Supreme Court of Maryland: Search and seizure
Search and seizure; Terry stop
BOTTOM LINE: As a result of the United States Supreme Court’s decision in New York State Rifle and Pistol Ass’n, Inc. v. Bruen, 597 U.S. 1, 10 (2022), reasonable suspicion to believe that a person is carrying a gun, by itself, no longer justifies a Terry stop.
CASE: Hicks v. State, No. 634, Sept. Term, 2024 (filed June 4, 2026) (in banc) (Justices Wells, GRAEFF, Arthur, Reed, Zic, Ripken, Tang, Albright, Kehoe) (Justices BERGER, Friedman, Shaw concurring) (Justice NAZARIAN concurring) (Justice LEAHY concurring) (Justice FRIEDMAN concurring).
FACTS: Steven Hicks was indicted in the circuit court with multiple drug and firearm offenses. He filed a motion to suppress the two handguns and cocaine discovered during a warrantless search of his person and bag. He argued, among other things, that the officers did not have either probable cause or reasonable suspicion to stop or frisk him because he had a permit to carry the weapons at issue.
After the court denied the motion, appellant then entered a conditional guilty plea to possession of a firearm with a nexus to a drug trafficking crime. This appeal followed. A majority of this court subsequently voted to hear the case in banc.
LAW: There are two types of seizures that implicate the Fourth Amendment: (1) an arrest, which must be supported by probable cause; and (2) an investigatory stop, or a Terry stop, named after the Supreme Court’s decision in Terry v. Ohio, 392 U.S. 1 (1968), which must be supported by reasonable suspicion.
Detective Ramsey stopped appellant when he saw a gun “printing” on appellant’s shirt. A police stop based on reasonable suspicion that a person is in possession of a gun has consistently been upheld by the Maryland appellate courts as a proper Terry stop. Indeed, prior to New York State Rifle and Pistol Ass’n, Inc. v. Bruen, 597 U.S. 1, 10 (2022), other courts held that, when it was presumptively unlawful under state law to carry a firearm, with exceptions including when an individual had a permit, a police officer with reasonable suspicion to believe that a person had a gun could conduct a Terry stop to determine the legality of the gun possession.

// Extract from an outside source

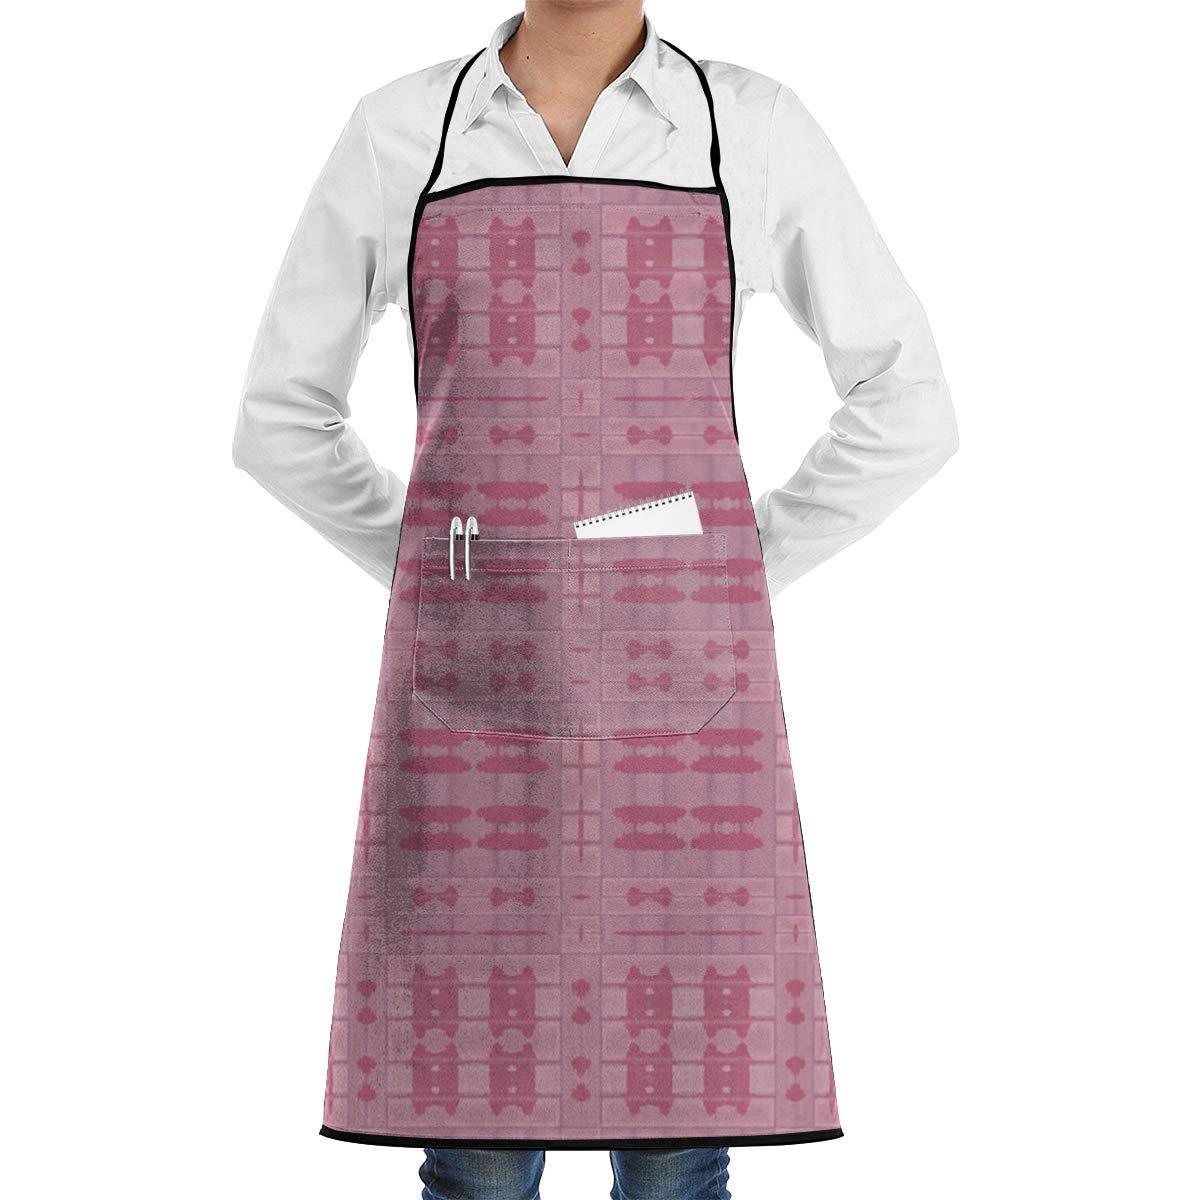 Delantal de chef de cocina ajustable a cuadros rosa cálido tribal ...

Appellant contends, however, that this analysis changed after Bruen, where the United States Supreme Court held that gun possession is not only lawful, but it is a protected constitutional right. Appellant argues that, post-Bruen, gun possession “can no longer, on its own as in this case, constitute reasonable suspicion that a crime is afoot.”
Indeed, reported opinions that have addressed the issue presented here post-Bruen have concluded, as appellant argues, that possession of a gun, without more, does not provide reasonable suspicion authorizing a stop. Although a few courts have stated in reported opinions after Bruen that the police have the authority to stop a person to investigate whether the individual with a handgun has a lawful permit, those statements have been made either in dicta, without analysis or without citation to Bruen.
This court has carefully reviewed the cases in other jurisdictions, the holding in Bruen that the Constitution “presumptively protects” gun possession and prior decisions by this court. Based on this review, it holds that, post-Bruen, reasonable suspicion to believe that a person is carrying a gun, by itself, no longer justifies a Terry stop.
In this case, the police did not testify that they believed that appellant was possessing the gun illegally, and no argument was made to the suppression court to that effect. The case was presented below as a stop justified solely on the possession of a gun, and it was presented in the briefs on appeal the same way. That is the basis for this court’s conclusion that the stop was unconstitutional. As an alternate holding, the court holds that, even if the stop was reasonable, the police exceeded the scope of a limited pat-down. The circuit court thus erred in denying appellant’s motion to suppress the CDS and the second handgun discovered during the frisk.
Judgment of the Circuit Court for Baltimore City reversed.
CONCUR: Whatever justified the stop, the search that followed exceeded the limits the Fourth Amendment imposes. That conclusion was available at the outset, without any of the analysis the majority undertakes. We would have stopped there.
CONCUR: I join the opinion of the Court in full. I write separately to address the concerns Judge Friedman and I share about the impact of today’s ruling on the authority of police to engage, detain, frisk and search people under the Fourth Amendment to the Constitution of the United States.
CONCUR: We all agree that the frisk of Hicks exceeded constitutional limits and that the motion to suppress should have been granted. I write separately to highlight that Maryland Code, Criminal Law Article §§ 4-203 and 4-206 prescribes the best way to navigate police interactions with Marylanders who carry guns.
CONCUR: I recognize the tension between an expansive reading of Bruen and the continued application of Terry in circumstances like these. That tension is real, and I do not minimize it. But it is not ours to resolve. If the Supreme Court concludes that Bruen‘s implications require a recalibration of Terry doctrine in the context of licensed handgun carrying, it is free to say so. Until it does, I would apply the law as it stands.